For Hertel exophthalmometry, great inter- and intra-observer variability has been noted4,7,8. Accordingly, we could confirm that correlation of Hertel values with CT measurements (supposing a higher repeatability and reproducibility)11 depended significantly on the clinical experience of the examiner group. Pearson’s correlation was stronger in the examiner groups with > 5 years of clinical experience. Greater focus should be laid on teaching of residents in Ophthalmology on applying the Hertel exophthalmometer accurately. Additionally, by the structured CT evaluation described, this bias could be overcome allowing residents in Radiology to perform high-quality measurements routinely.

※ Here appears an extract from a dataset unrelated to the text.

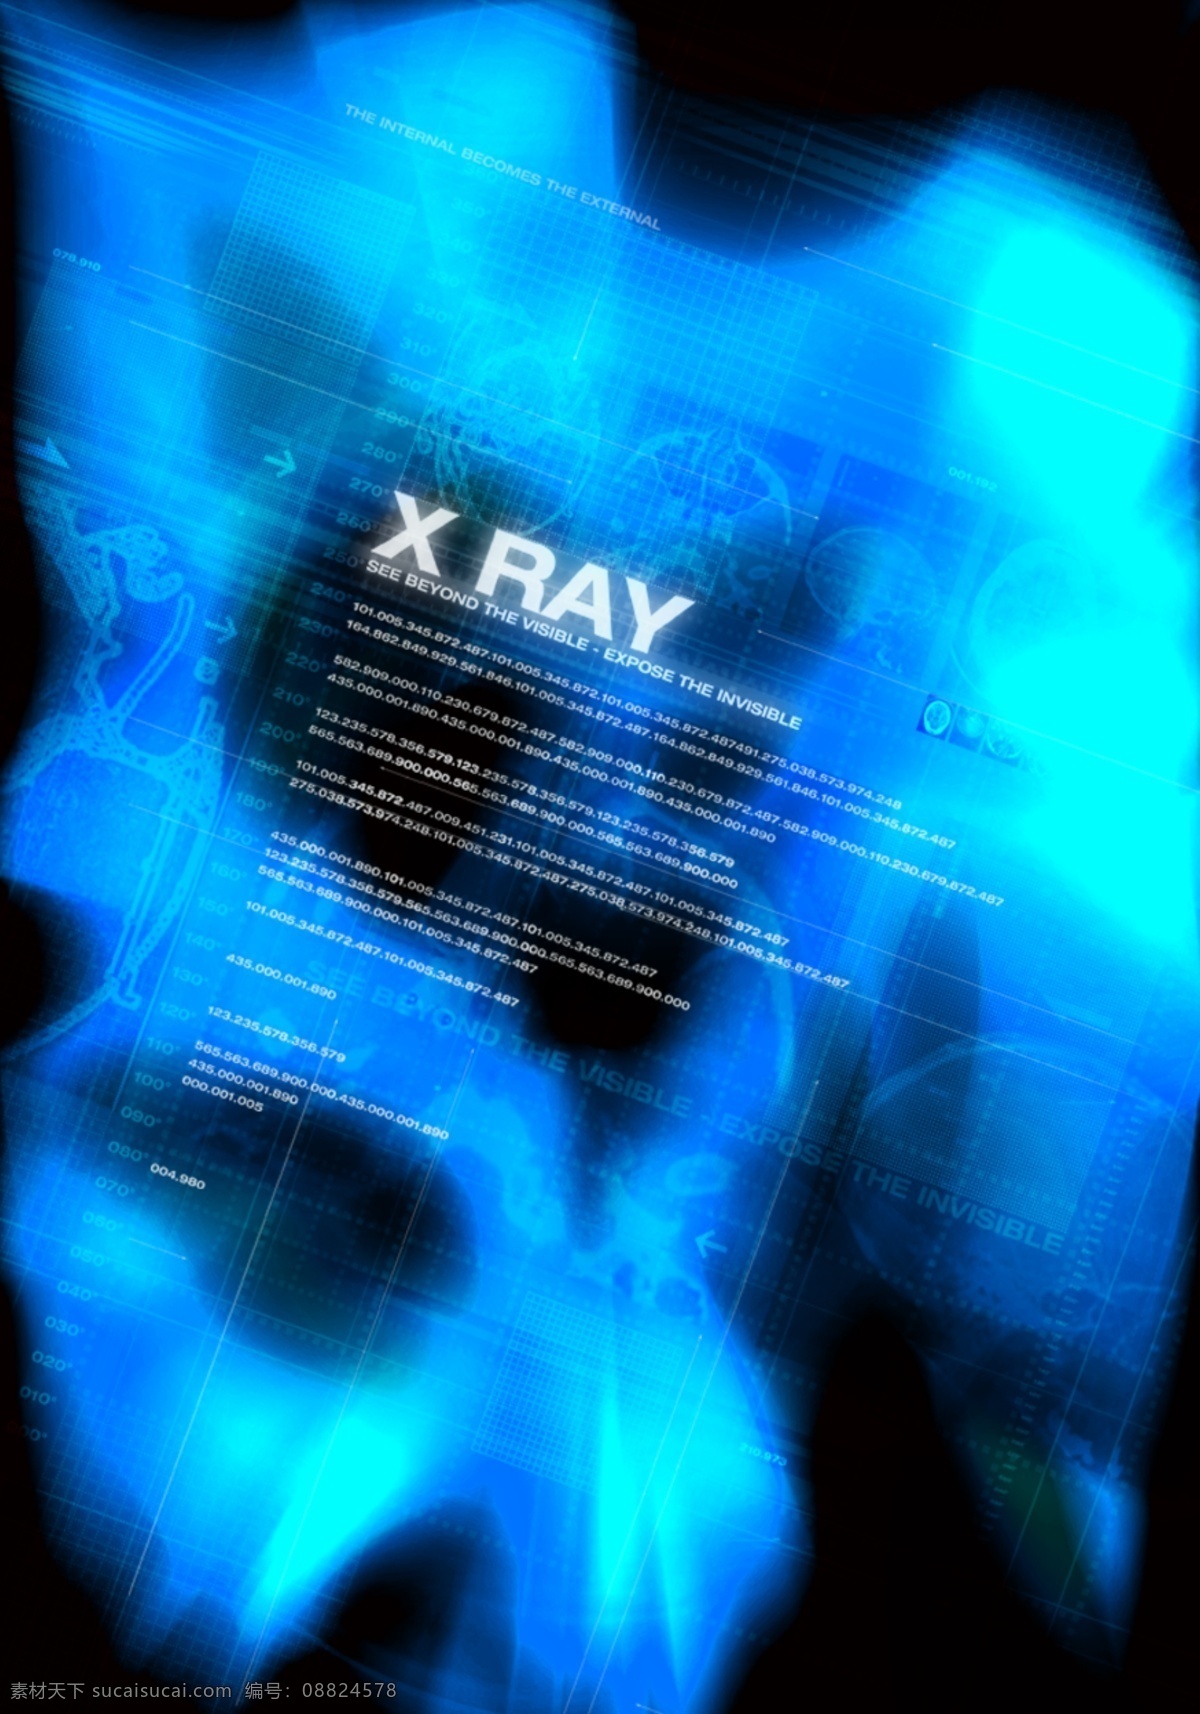 x 射线 数码 游戏背景 分层 3d 抽象 底纹 动感 放射性 后现代 科技 力量 梦幻 x射线 游戏背景设计 前卫 异度空间 速度 艺术 张力 原创设计 其他原创设计

Inference from this study is limited in the following ways: First, although only the respective cross-sectional CT imaging examinations closest in time to clinical Hertel measurements were reviewed, due to the retrospective study design, median time between Hertel exophthalmometry and cross-sectional CT-imaging was 4 days. Yet, as there was no patient with acute retrobulbar hemorrhage or surgery in the meantime, we presume that this time difference should not be relevant. Second, also due to the retrospective nature of the study, the subgroups of clinical examiners and diagnoses included differed in size, but again, this was overcome by non-parametric testing. Third, in retrospect, inter-observer reliability could only be evaluated by comparing correlation of Hertel values to CT assessment and not by all groups of examiners performing their measurements on the same patient.

Conclusion

Overall, standardized radiographic assessment of exophthalmos correlated well with Hertel exophthalmometry. In Ophthalmology, focus should be laid on accurate teaching of Hertel exophthalmometry, as accuracy of Hertel measurements depended on the experience of the examiner. Furthermore, standardized measurement of proptosis should be performed routinely on available radiographic evaluation of orbital pathologies. Permanent record of these images is an advantage in comparison to clinical assessment alone, especially regarding follow-up examinations.